┏━━
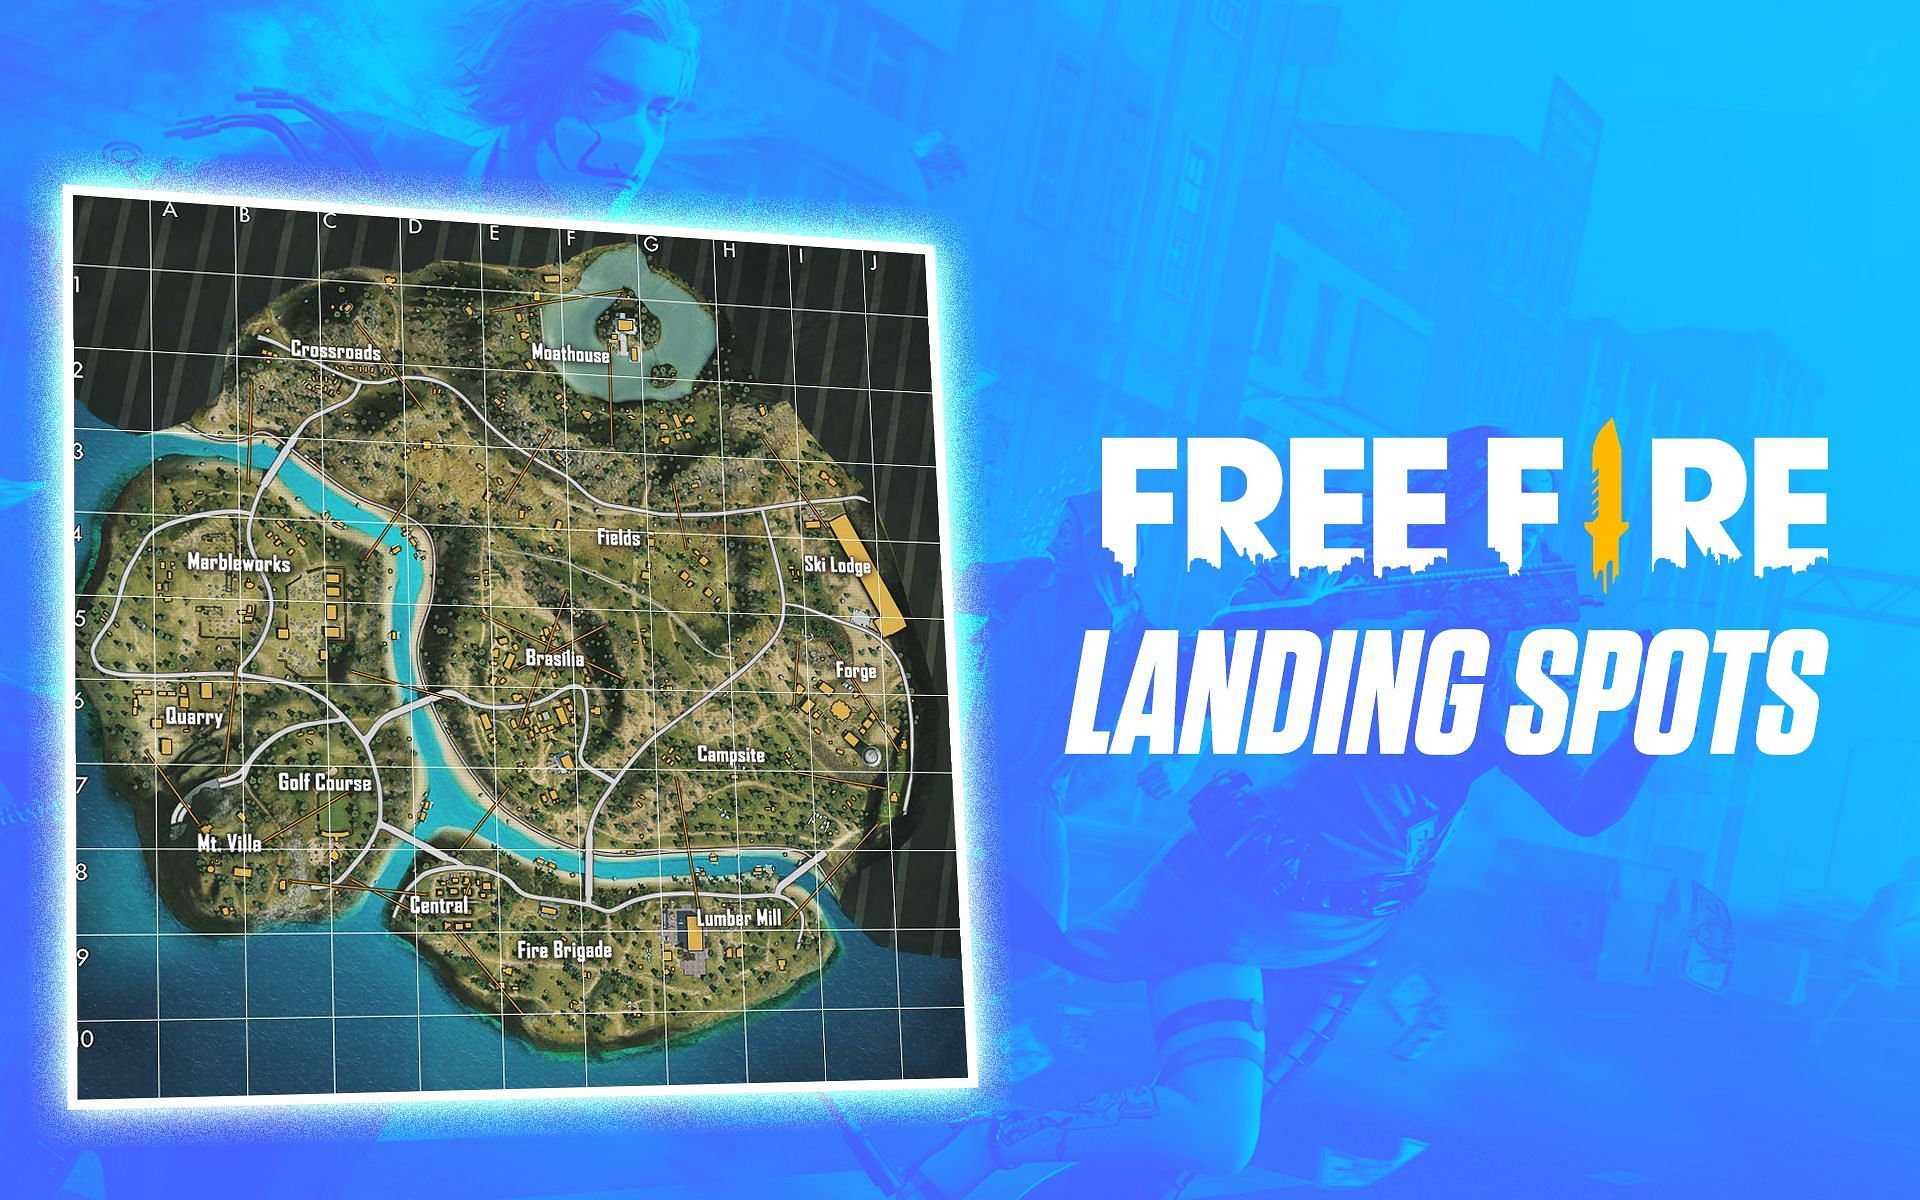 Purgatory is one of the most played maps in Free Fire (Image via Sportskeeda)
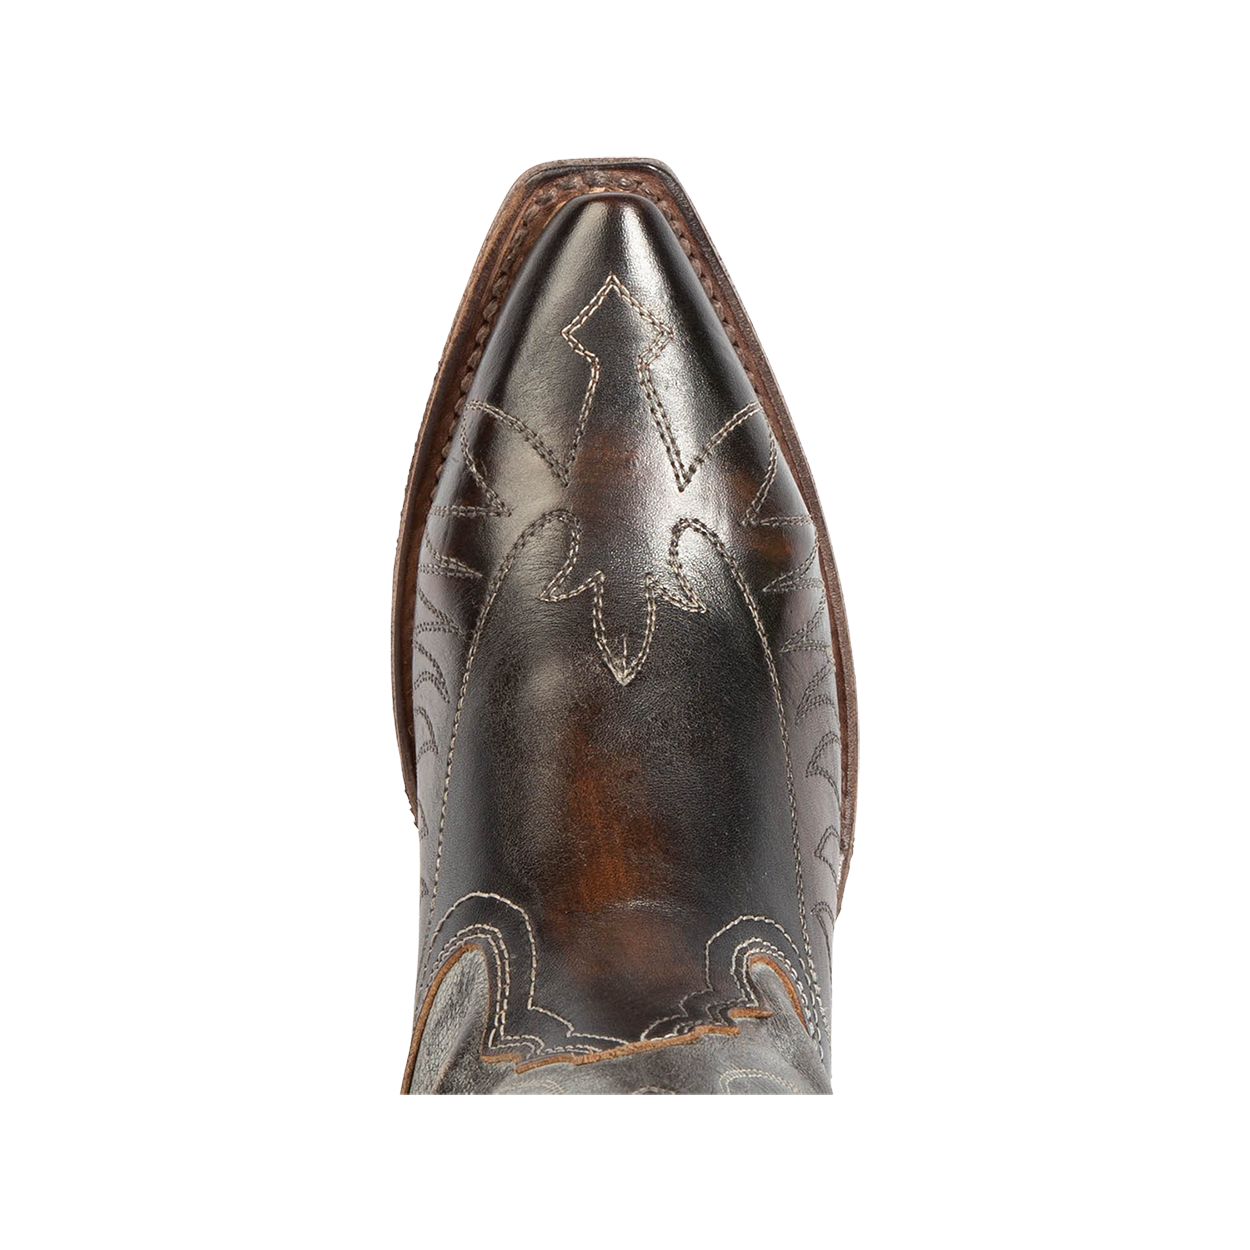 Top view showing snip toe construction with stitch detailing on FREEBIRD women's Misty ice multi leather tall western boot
┗━━
┏━━
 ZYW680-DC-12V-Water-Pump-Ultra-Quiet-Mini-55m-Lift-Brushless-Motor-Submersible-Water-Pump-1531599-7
┗━━
__What the task asks__. Copy exactly the lines of the listing above between the one holding "Purgatory is one" and the one holding "Top view showing", inclusive; omit all pictures.

__Final answer__.
 Purgatory is one of the most played maps in Free Fire (Image via Sportskeeda)
 Top view showing snip toe construction with stitch detailing on FREEBIRD women's Misty ice multi leather tall western boot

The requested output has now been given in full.